I just feel so sad. I just wanna cry and hug someone. I’m so scared of the future. I’m so tired of my life now. I’m not alone but I feel so lonely. I hate being in my house because I’m always there with nothing to do but sit and think. I have no motivation to do anything. My mind is just a mess. A storm and with every crack of thunder and crash of lightning the rain is getting heavier. I cry so much it’s pathetic.
I hope tomorrow is a nice day so I can sit out side. I hope the sun comes out soon.
Pathetic. That’s me! I’m that much of a loser it’s almost laughable.
I either feel too much or nothing. I am constantly on the verge of crying and I hate myself. I can’t stand people touching me or getting in my personal space. Or even coming near my things.

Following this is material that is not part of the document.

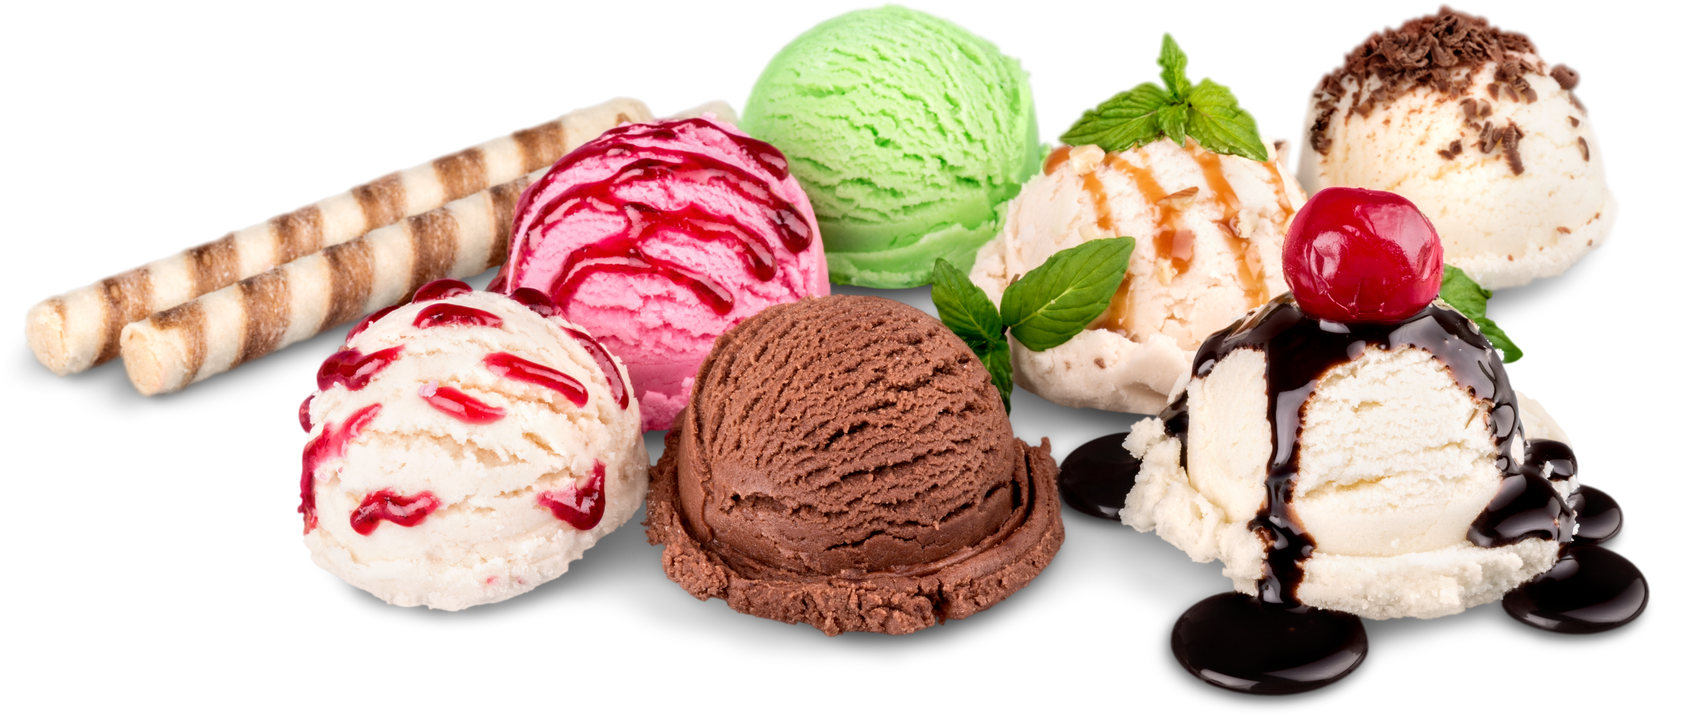 Ice Cream with Tiramisu Flavor

These problems I have have and are still getting worse. I hate myself so much I find it hard to look at myself. I’m just so prepared for failure that I feel no excitement to my future. I have spent days just lying in the same spot doing nothing. I just feel so rubbish. I have to wash my hands after touching things or keep them away from me till I can. I just feel like my life is going nowhere.
I keep panicking because I know I’m wasting my life but I don’t have the motivation to be alive. All that my life will be is the same as everyone’s. We work till we die to have the bare necessities. Each day more people dying over politics and stupid hatred. The planet is dying and soon I won’t be surprised if our children live in a dystopian land.
Sorry. I’m digging to deep into things again. I just feel so bad lately. I feel empty and sad. I don’t have anything to do and I can’t stop thinking about my problems.
I don’t know. This is just a late night ramble field by self hate and the fact that I don’t want to cry.